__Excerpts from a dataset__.
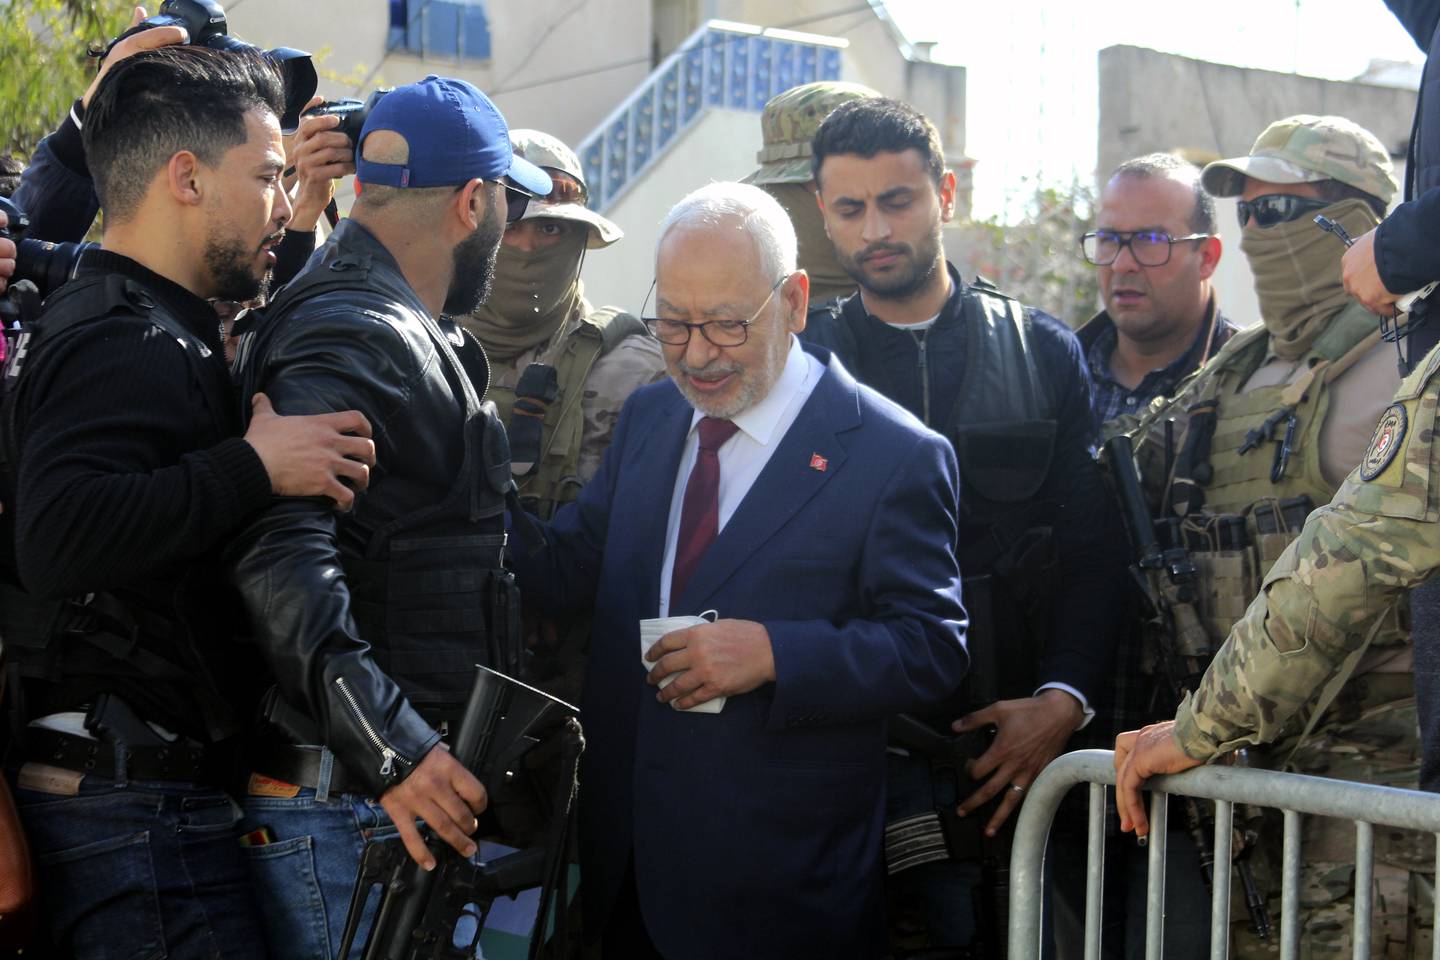 Leader of Tunisia's Islamist Ennahda party House Speaker Rached Ghannouchi, center, arrives for questioning at the judicial police headquarters in Tunis, Tunisia, Friday, April 1, 2022.  (AP Photo / Hassene Dridi)
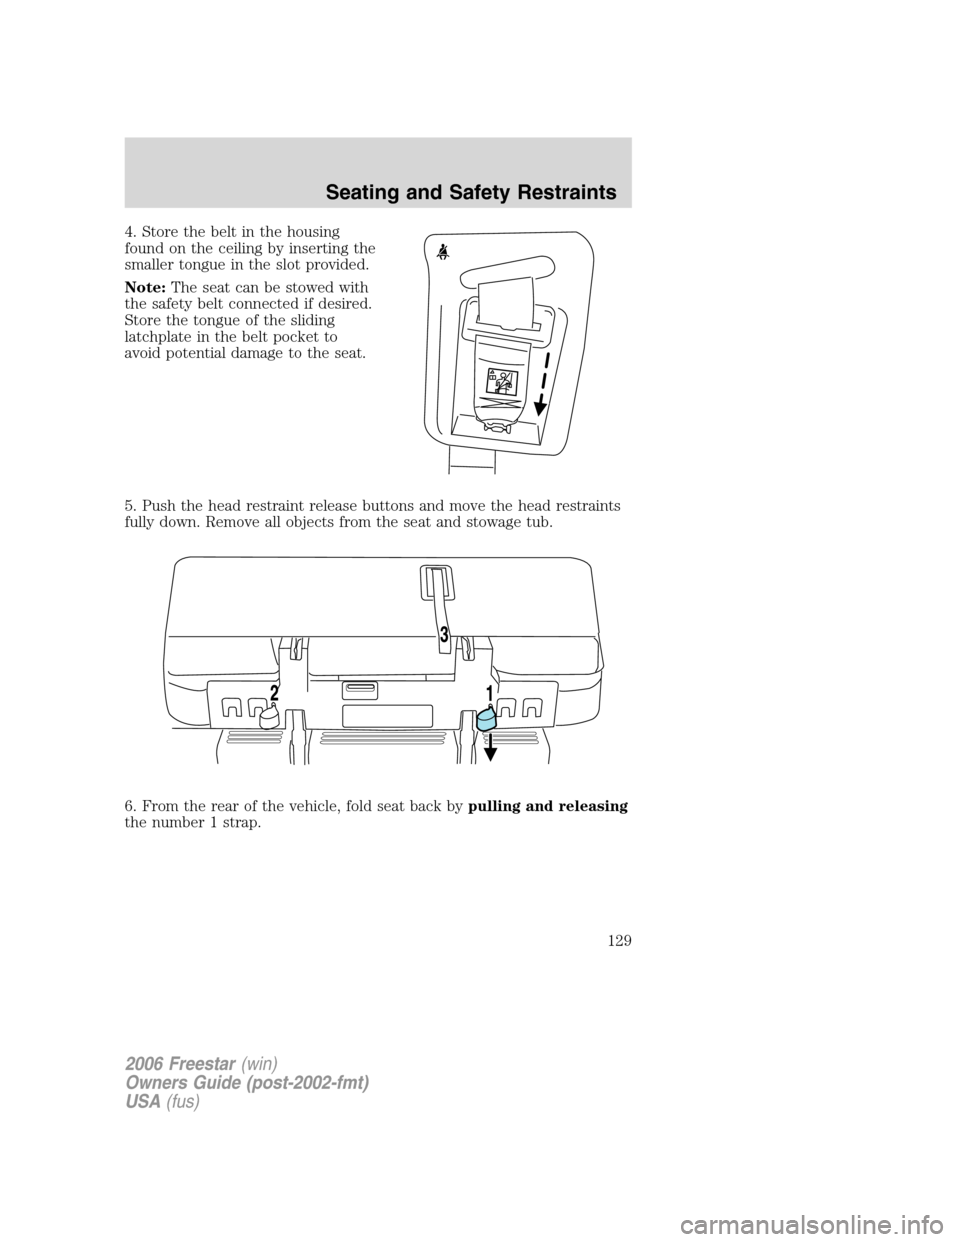 FORD FREESTAR 2006 1.G Owners Manual 4. Store the belt in the housing
found on the ceiling by inserting the
smaller tongue in the slot provided.
Note:The seat can be stowed with
the safety belt connected if desired.
Store the tongue of t
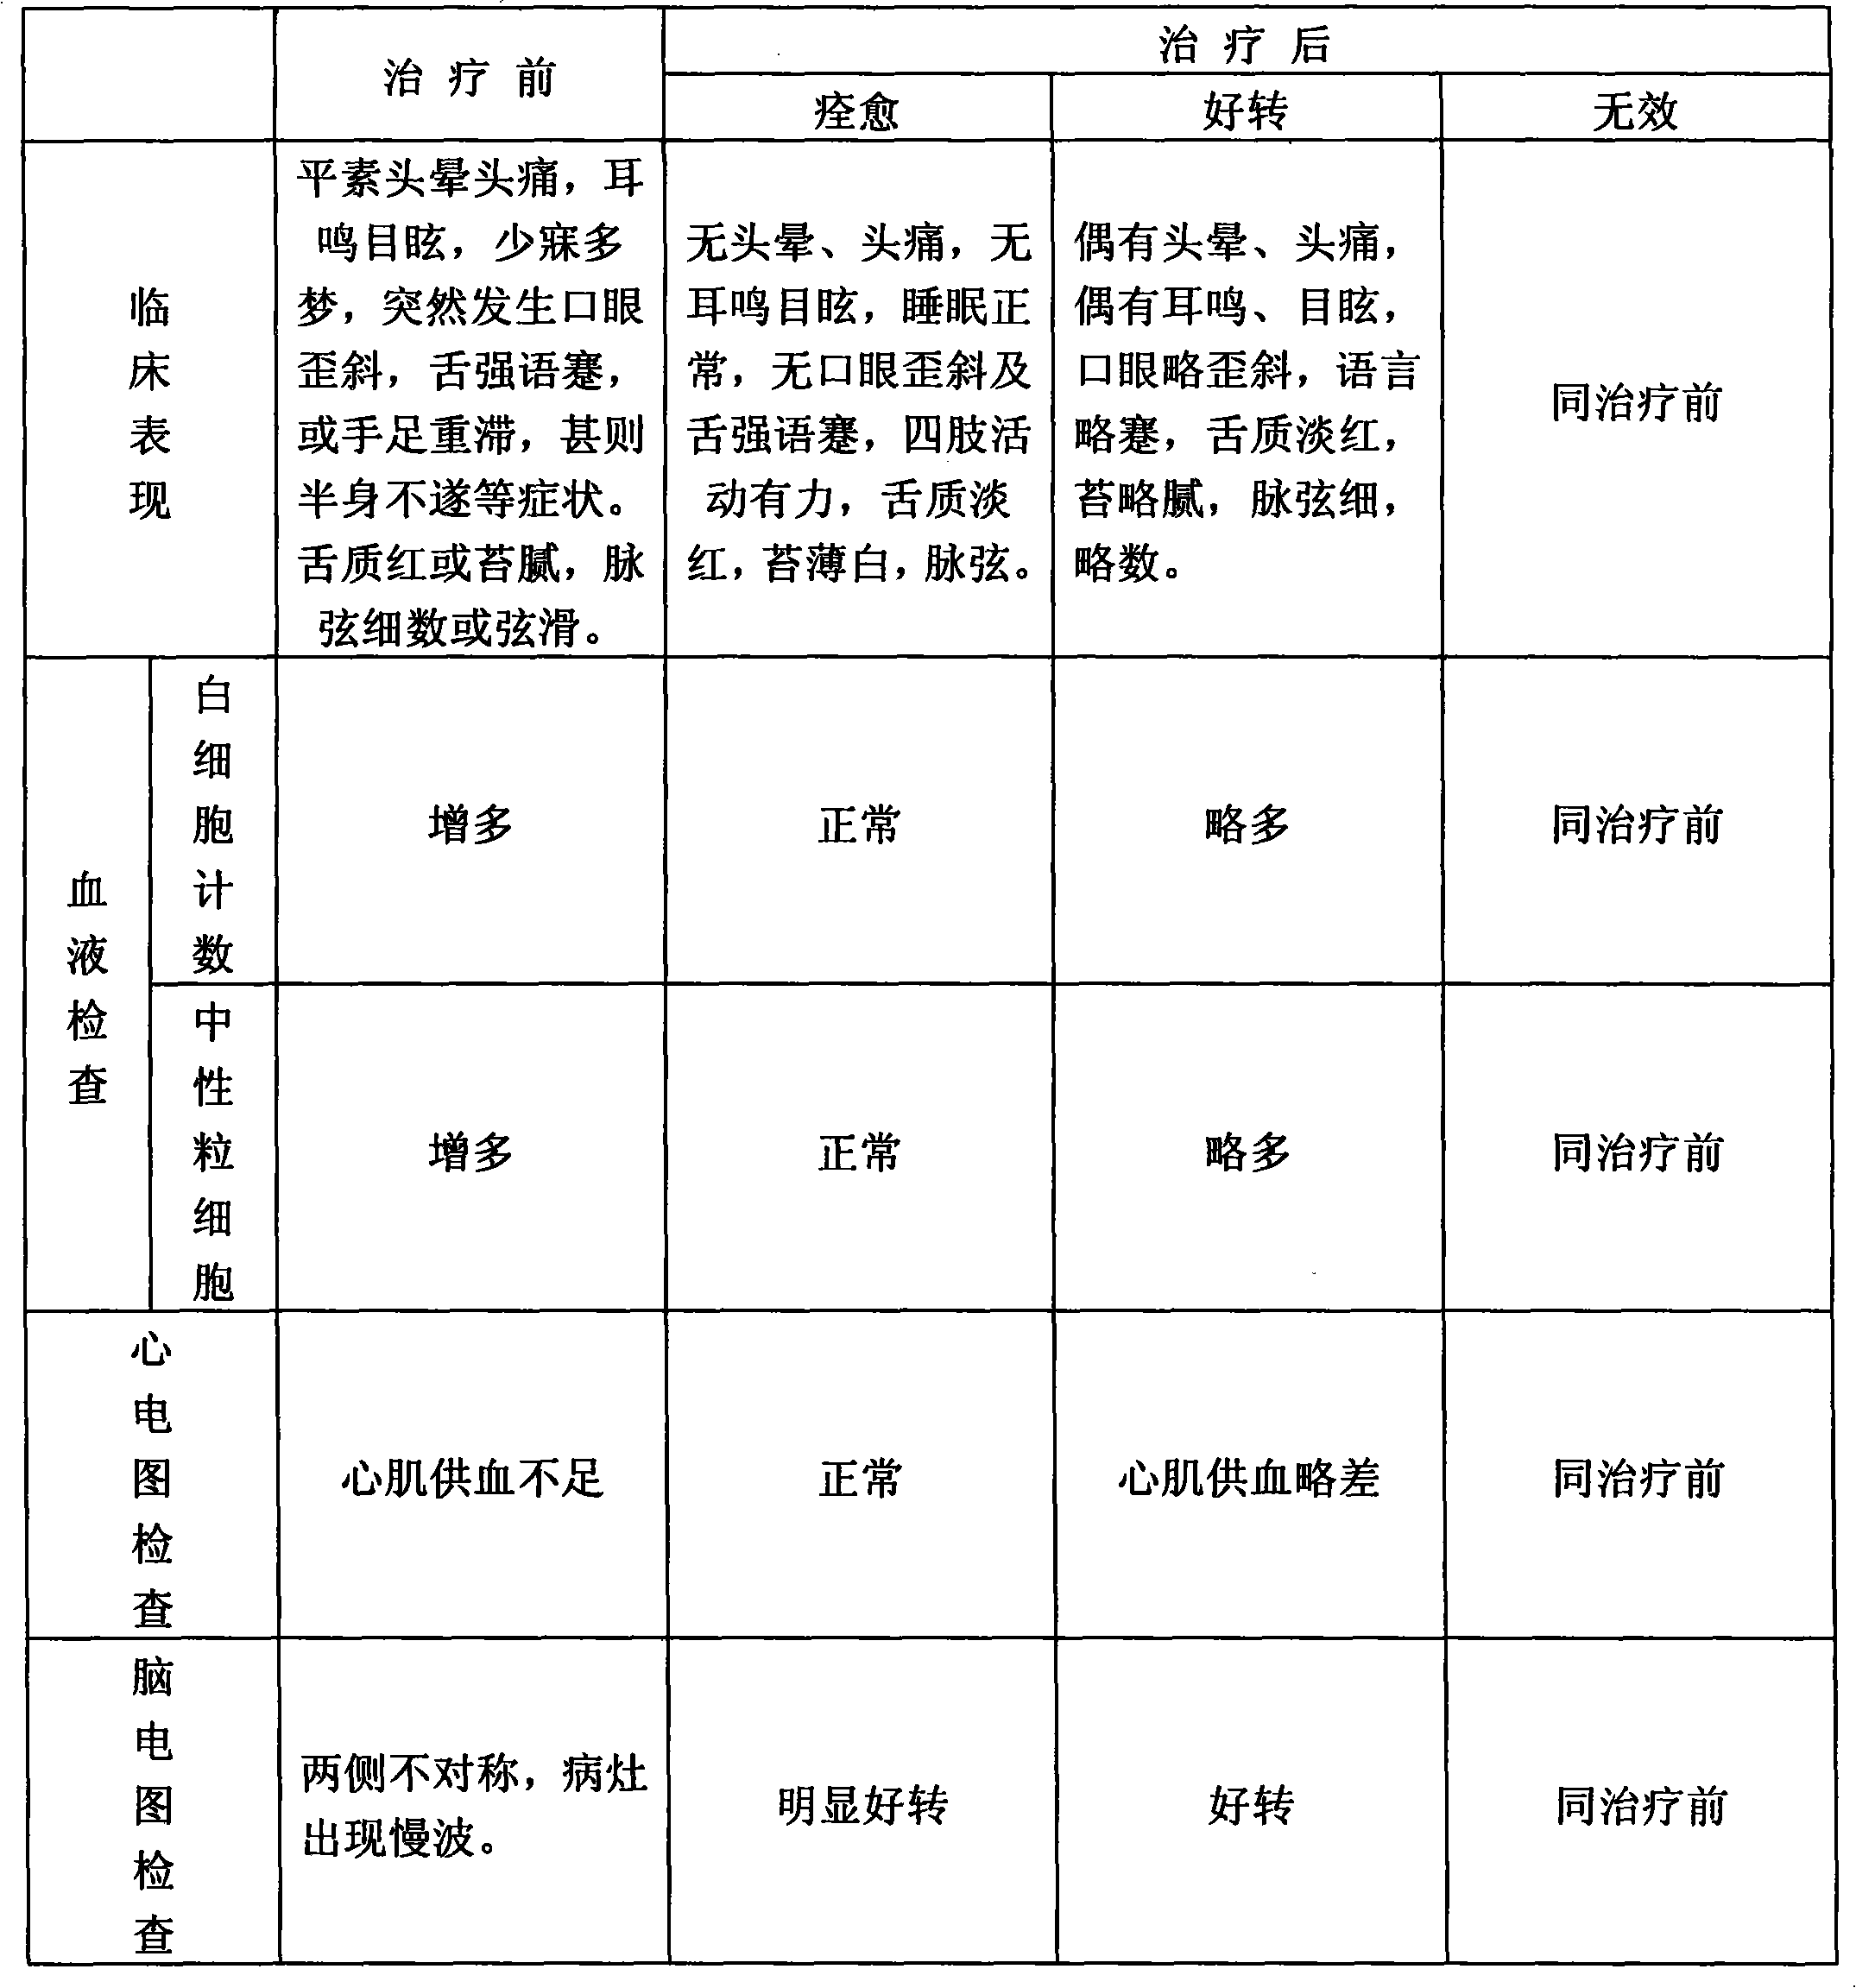 Method for preparing traditional Chinese medicine for treating stroke with liver-yin and kidney-yin deficiency wind-yang attacking upwards

__Required work__. From the line containing "smaller tongue in the slot provided." down to the last line of the entries above, copy each line exactly and nothing more. Leave pictures out.

__Written answer__.
smaller tongue in the slot provided.
Note:The seat can be stowed with
the safety belt connected if desired.
Store the tongue of t
 Method for preparing traditional Chinese medicine for treating stroke with liver-yin and kidney-yin deficiency wind-yang attacking upwards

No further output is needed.